Since moving to America, Jhabvala's interest has moved away from Indian subjects and settings. In In Search of Love and Beauty, which focuses on a group of German and Austrian refugees in New York, Jhabvala writes for the first time on a sustained level about the German-Jewish background she knew as a child. At the center of this novel and her subsequent novel, Three Continents, is a concern with the search for identity and heritage—and an attempt to explain and understand the sense of alienation and expatriation that has been her own experience as well as that of many of her Western characters. While these novels mark a new phase in Jhabvala's writing career, it is clear to the reader familiar with her oeuvre that the concerns of her Indian fiction have not been entirely left behind; both novels share much in common with her later Indian fiction. The guru figures, Leo of In Search of Love and Beauty and the Rawul of Three Continents, recall, among others, the unprincipled Swami of A New Dominion, while the seekers of these novels are variations on the young questing figures like Lee of A New Dominion and Katie of "How I Became a Holy Mother," for example. An interesting development is that for the first time in her fiction Jhabvala explores the backgrounds of the Western characters who populate her Indian fiction.

In her 1993 novel Poet and Dancer, India as a locale is altogether absent, and the presence of an Indian mother and son is too peripheral to the main narrative to bring the spirit of the place into the work. And so in some ways Poet and Dancer marks the greatest single shift in Jhabvala's career as a novelist. In other ways, though, there is still common ground between this work and her earlier fiction. At the heart of this novel is an exploration of the dichotomy between good and evil—played out through the destructive relationship between Angel and her cousin Lara, whose love Angel obsessively pursues—that is reminiscent of the destructive relationships between the many seekers and bogus gurus found in her earlier work.

Maintaining the shift away from India begun with In Search of Love and Beauty, India as a literal landscape exists only in the recollections of a few characters in 1995 novel, Shards of Memory, where the principal settings are again New York and London (specifically the limited geographical locations of Manhattan and Hampstead). Yet in other ways, India, like continental Europe, pervades the very core of this novel, and is literally in the blood of the Kopf family. Shards of Memory is intrinsically a family saga, concerned with four generations of the Kopf and Keller families and their involvement with "the Master"—the latest in a long line of such spiritual leaders to appear in Jhabvala's fiction. Here, though, the question of whether or not the Master is a charlatan is of less consequence than it is in earlier novels and stories. Instead, Jhabvala's focus is entirely on the bonds of family.

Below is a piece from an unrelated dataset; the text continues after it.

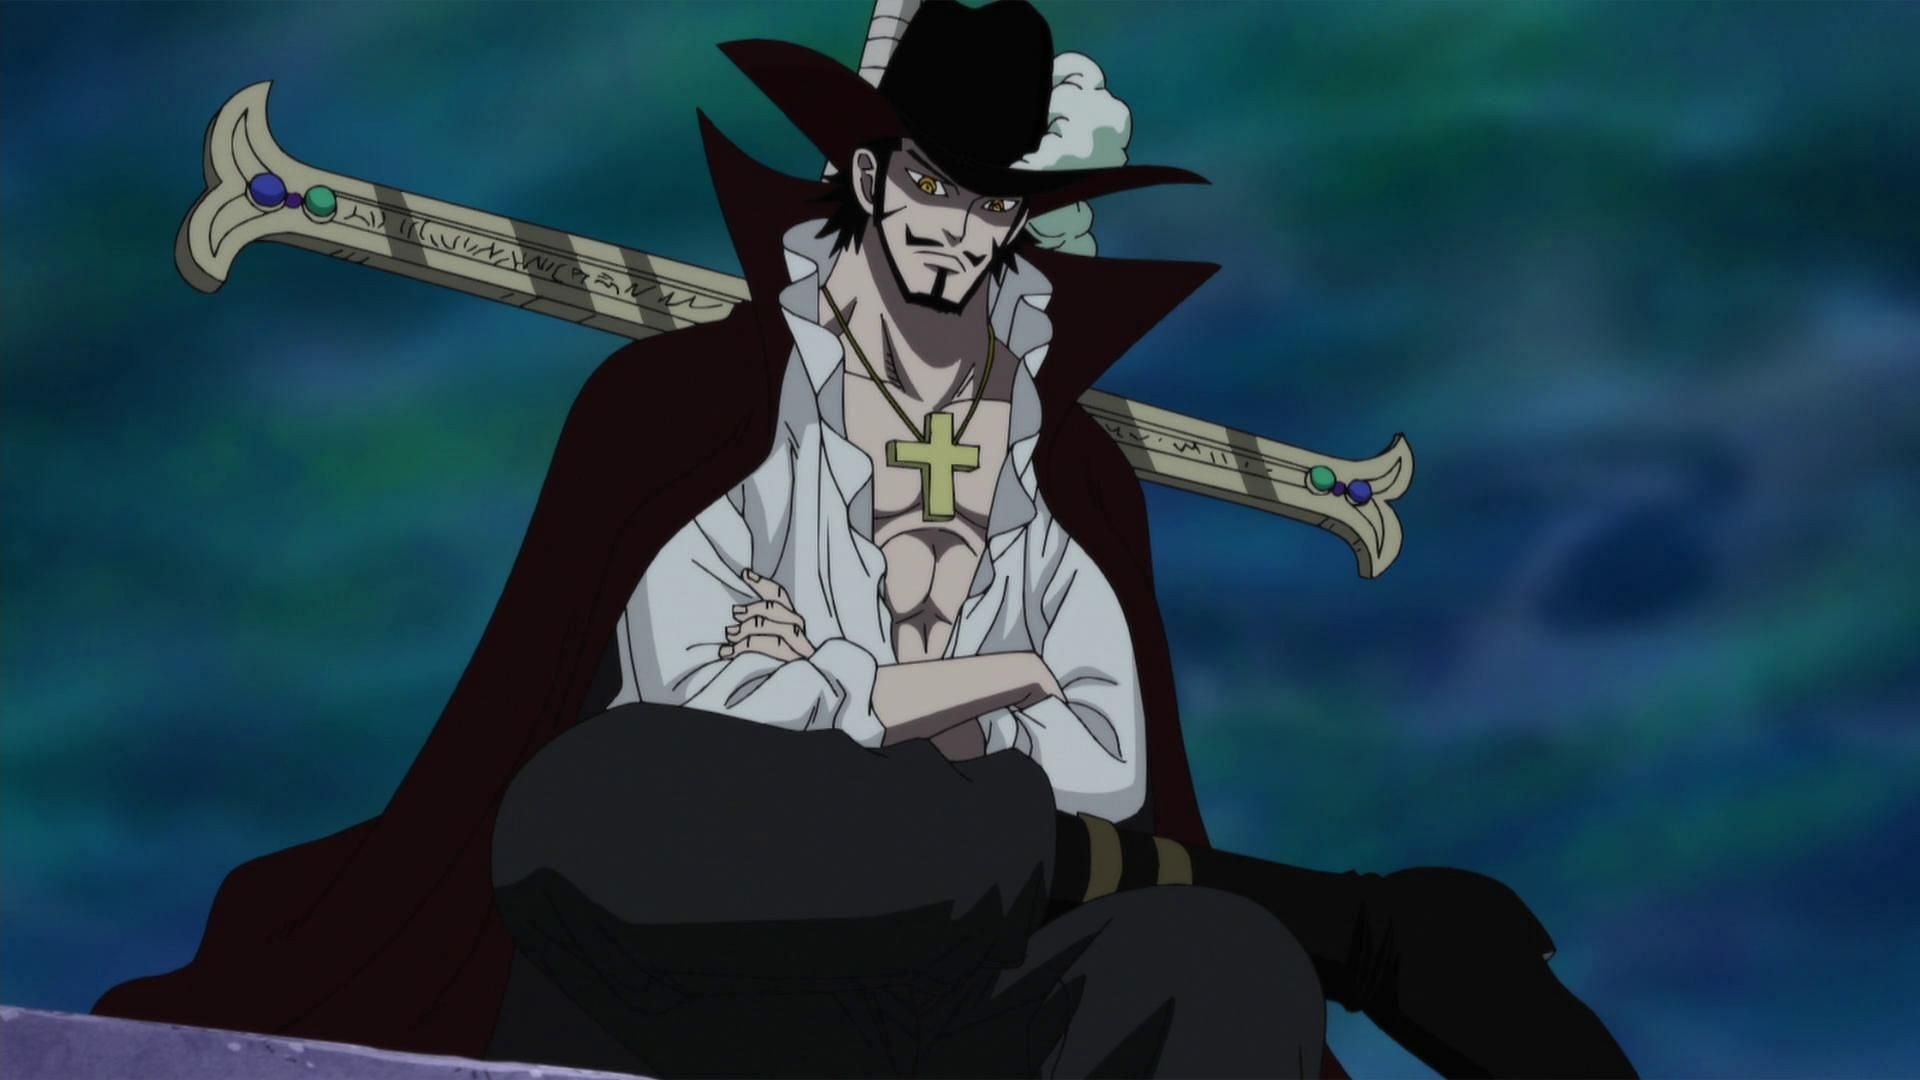 Mihawk as seen in the show (Image via Toei Animation)

The oriental and occidental locations that characterize the two major phases of her novel writing career are effectively juxtaposed in her 1998 collection of short stories, East into Upper East, which carries the Kiplingesque subtitle, Plain Tales from New York and New Delhi. Six of the stories in this robust collection are set in New Delhi, a further seven in New York's Upper East Side. The final story, "Two Muses," the only exception to the two-town pattern promulgated in the title, deals with the German-Jewish community in North-West London between 1939 and 1951. Its only companion in Jhabvala's writing is "A Birthday in London," included in her first collection of short stories, Like Birds, Like Fishes, almost 40 years ago.

Ruth Prawer Jhabvala's reputation as a writer of fiction has been built around her Indian novels, particularly the Booker prize-winning Heat and Dust. Her later novels show that she can write equally well about America and Europe, and suggest that she is an international writer who deserves to be numbered amongst the best novelists writing in English today.